• Work to be completed: Copy out the listing that follows exactly, dropping every picture.

• Given information:
_ _ _ _ _ _ _

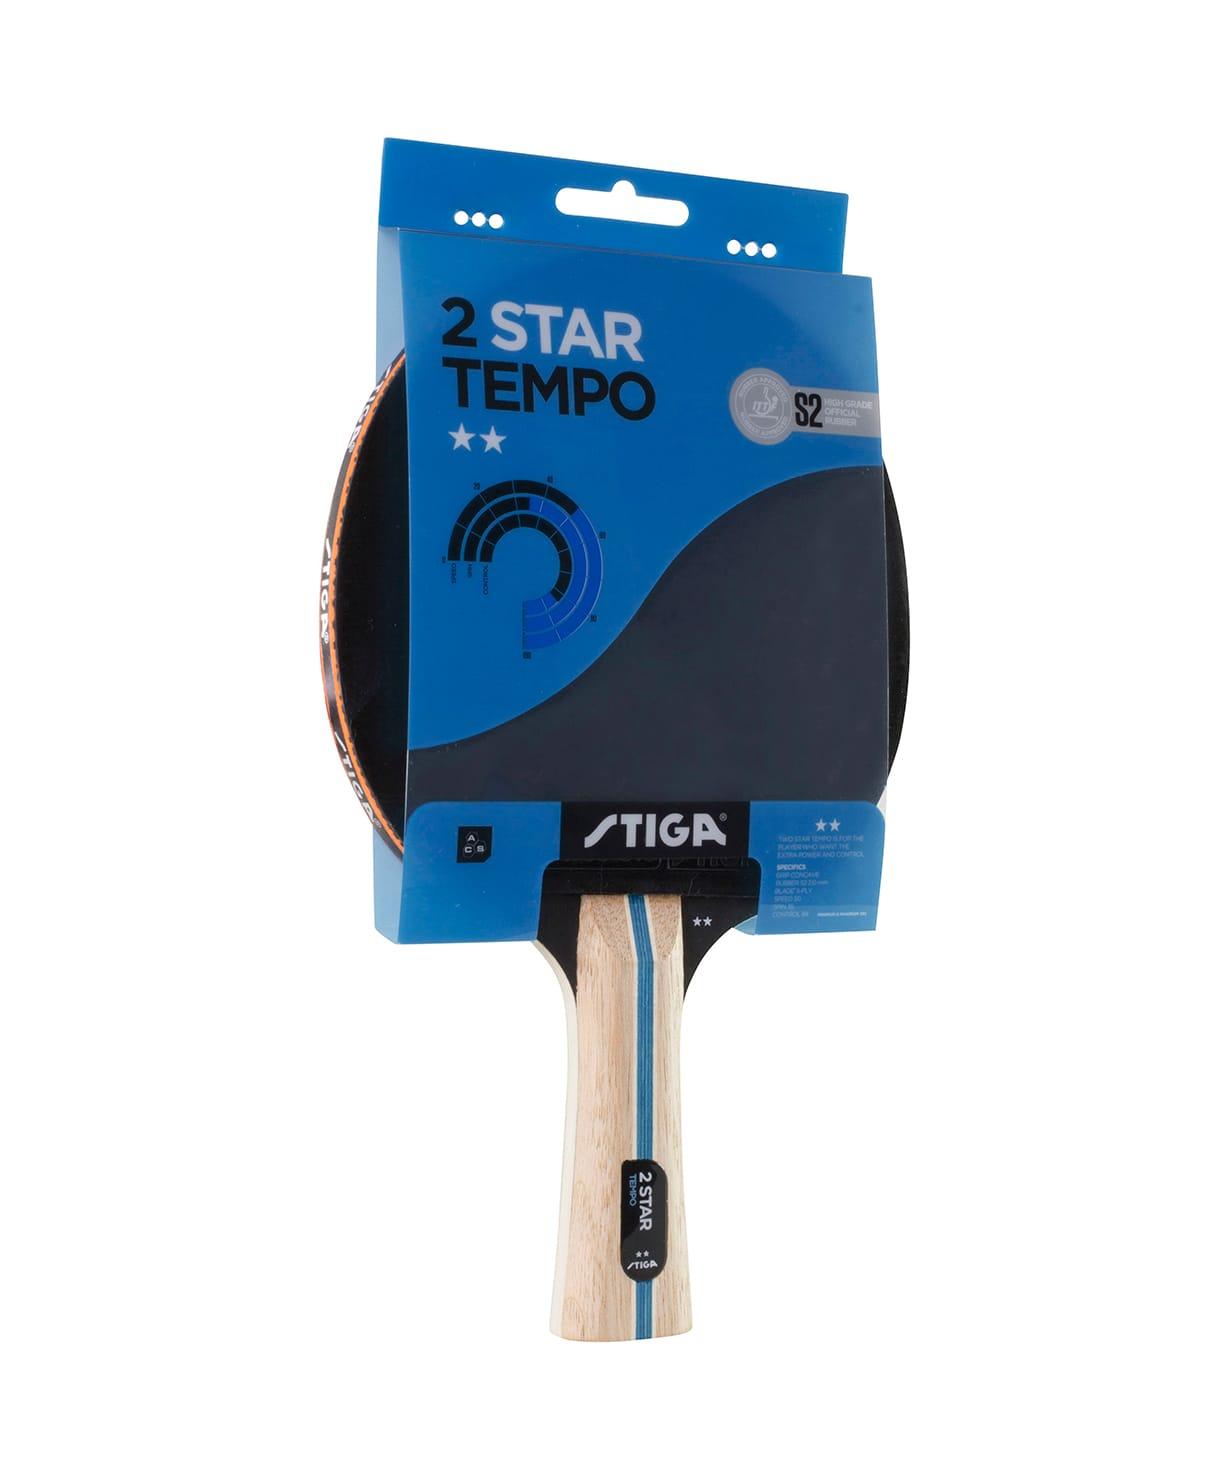 Ракетка для настольного тенниса Stiga 2 Stars Tempo ракетка для настольного тенниса stiga technic 2 звезды 1212 3516 01
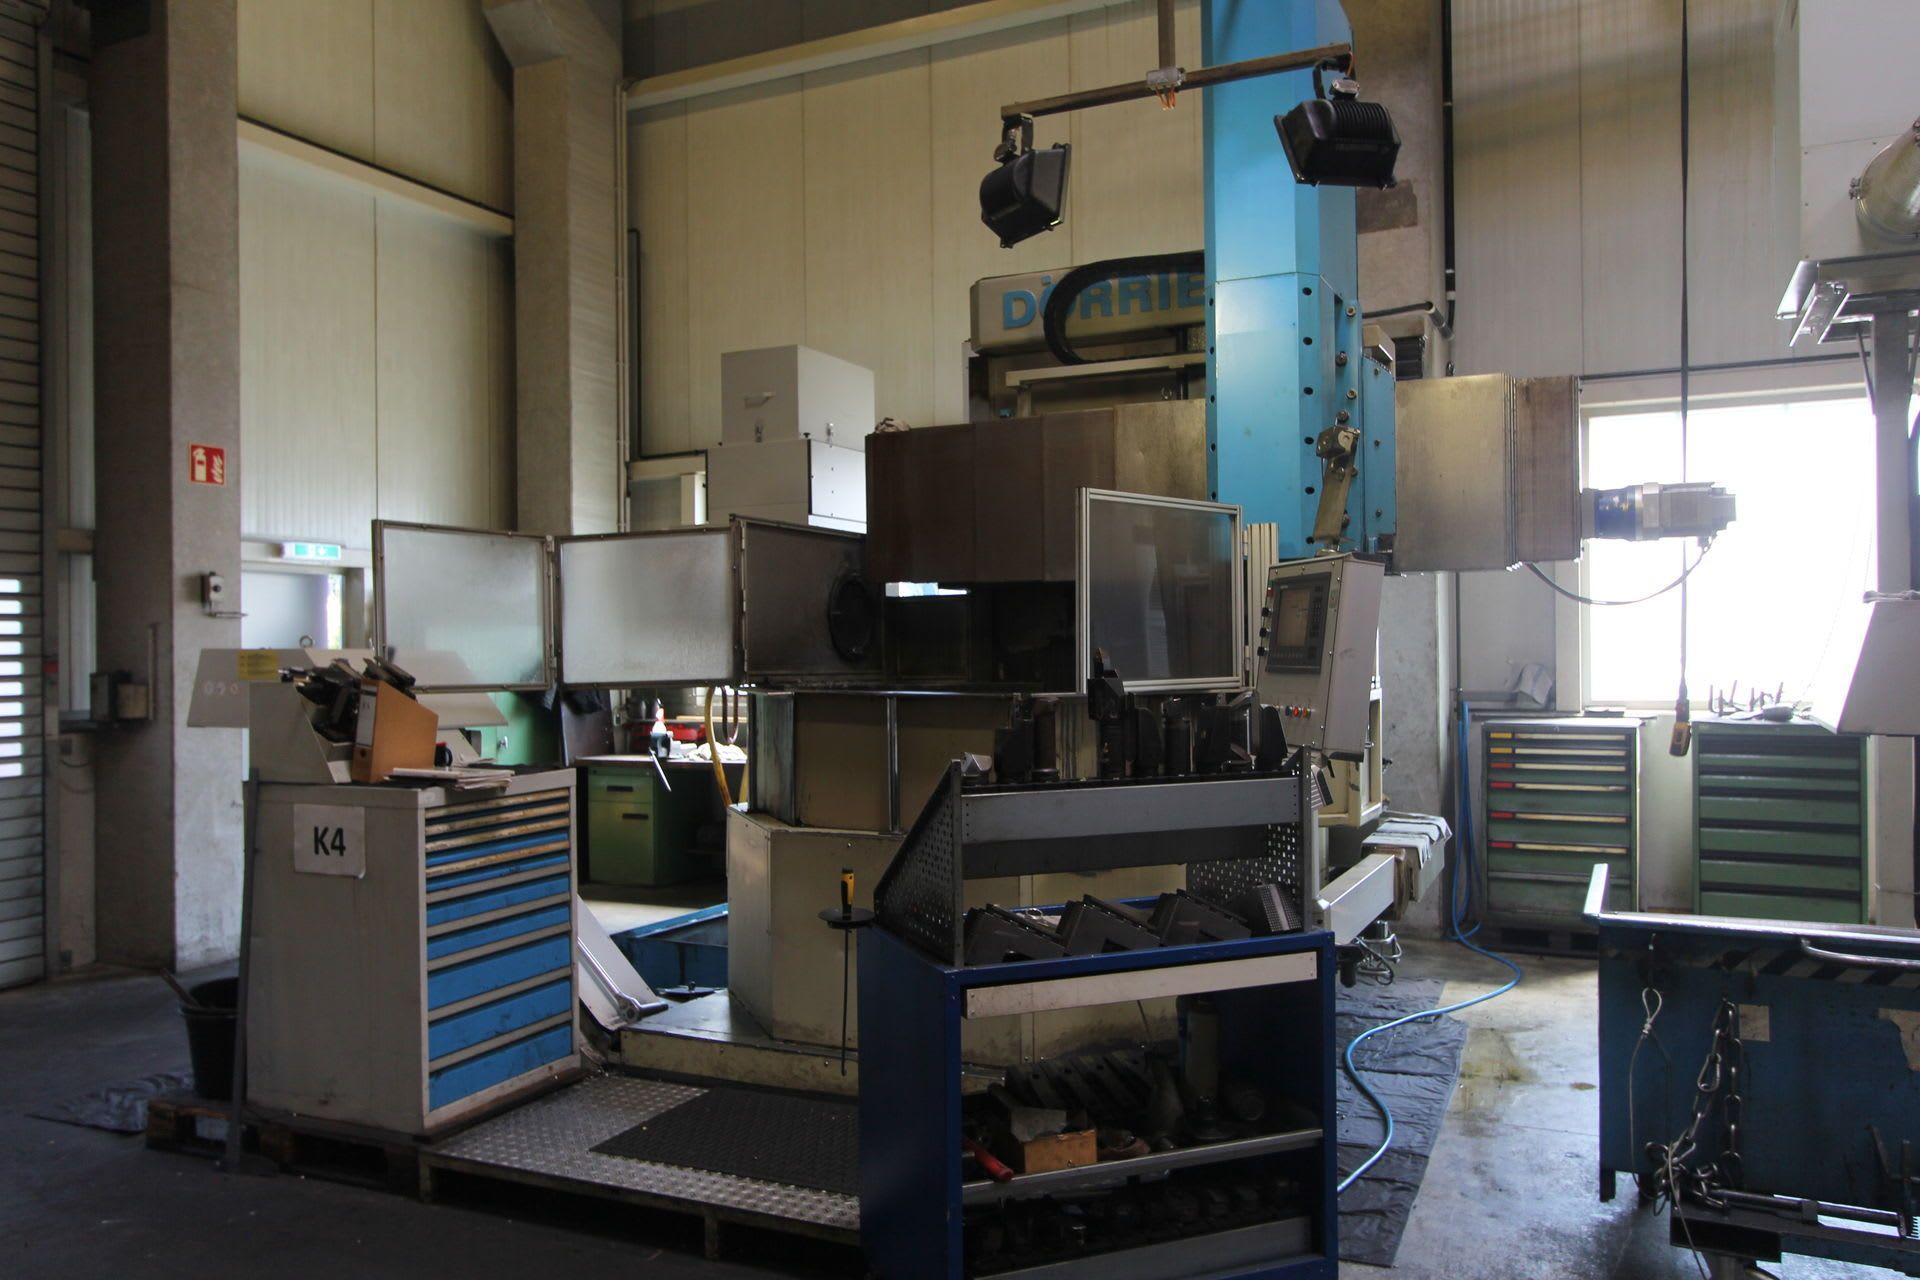 DÖRRIES SDE CNC-Karusselldrehmaschine
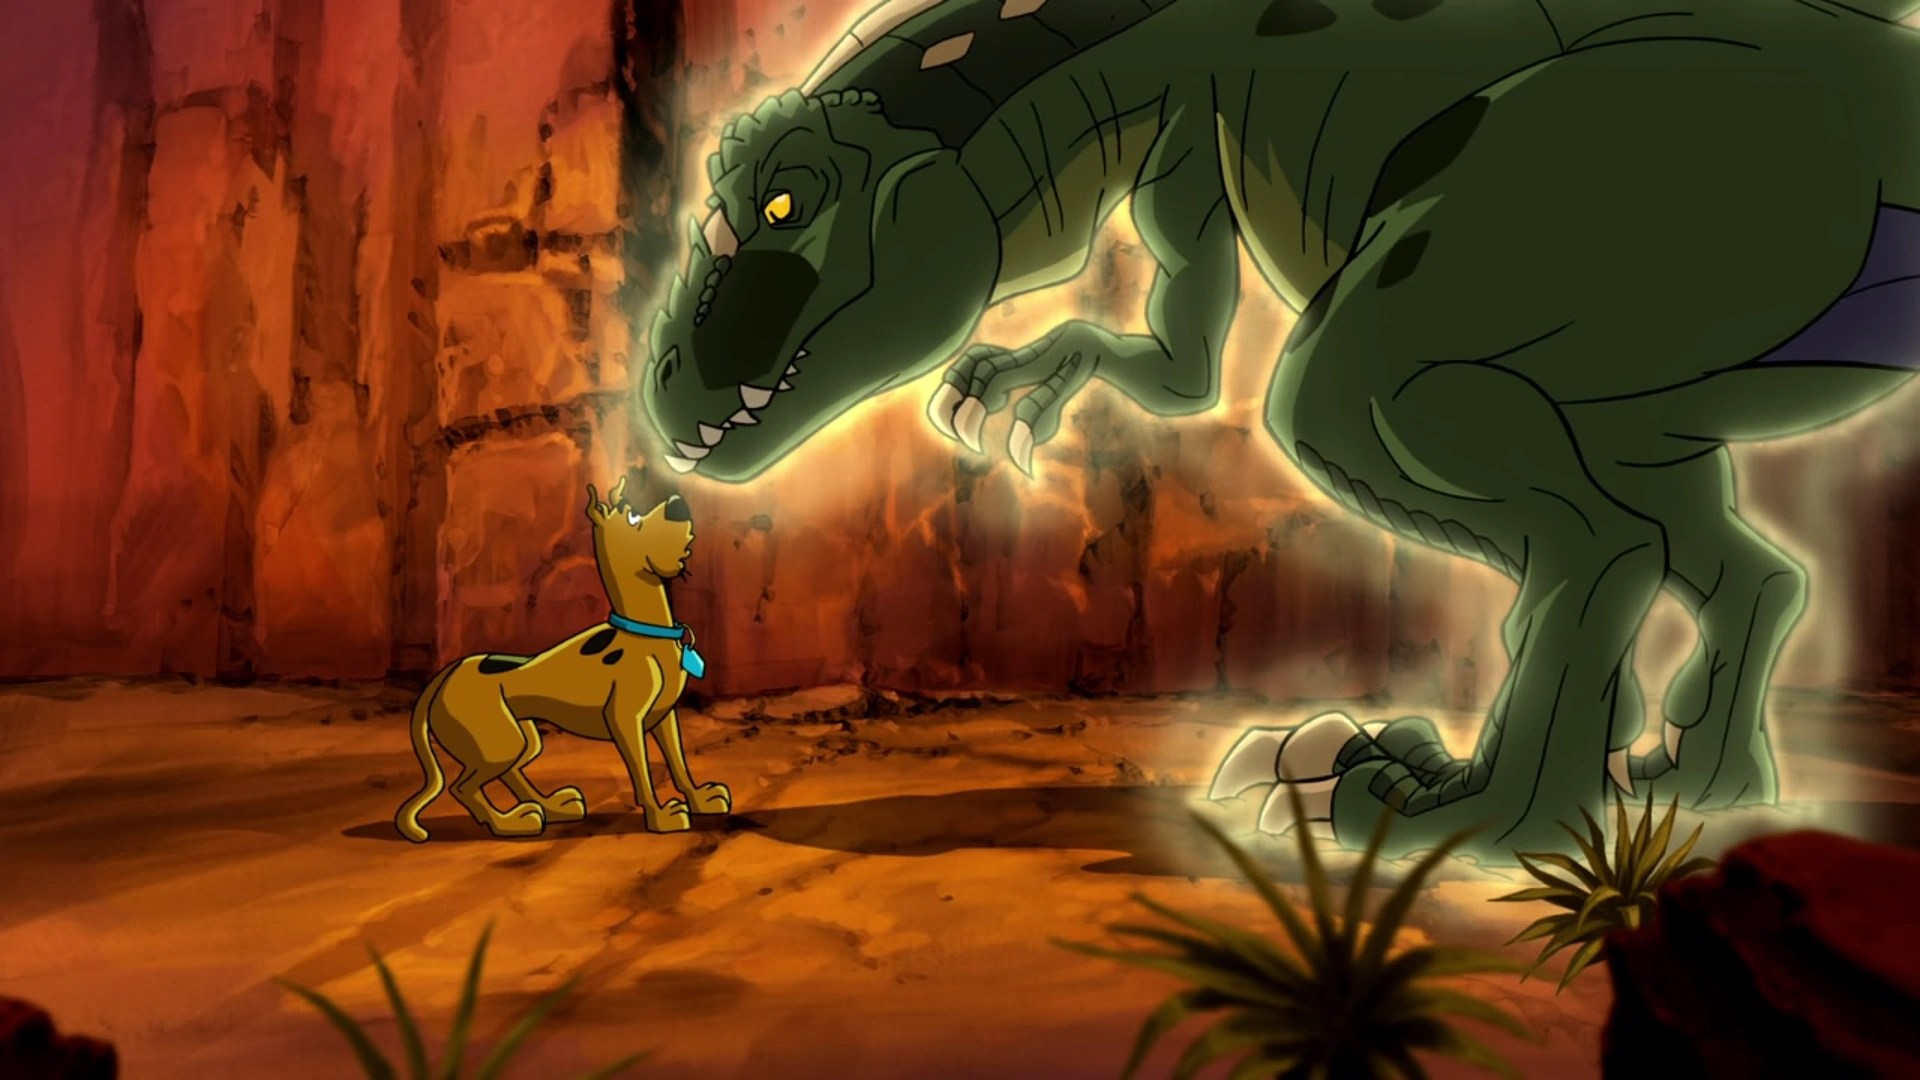 Wallpaper Monster Inc 3d Scooby Doo Legend Of The Phantosaur Scoobypedia

_ _ _ _ _ _ _

• Task answer:
 Ракетка для настольного тенниса Stiga 2 Stars Tempo ракетка для настольного тенниса stiga technic 2 звезды 1212 3516 01
 DÖRRIES SDE CNC-Karusselldrehmaschine
 Wallpaper Monster Inc 3d Scooby Doo Legend Of The Phantosaur Scoobypedia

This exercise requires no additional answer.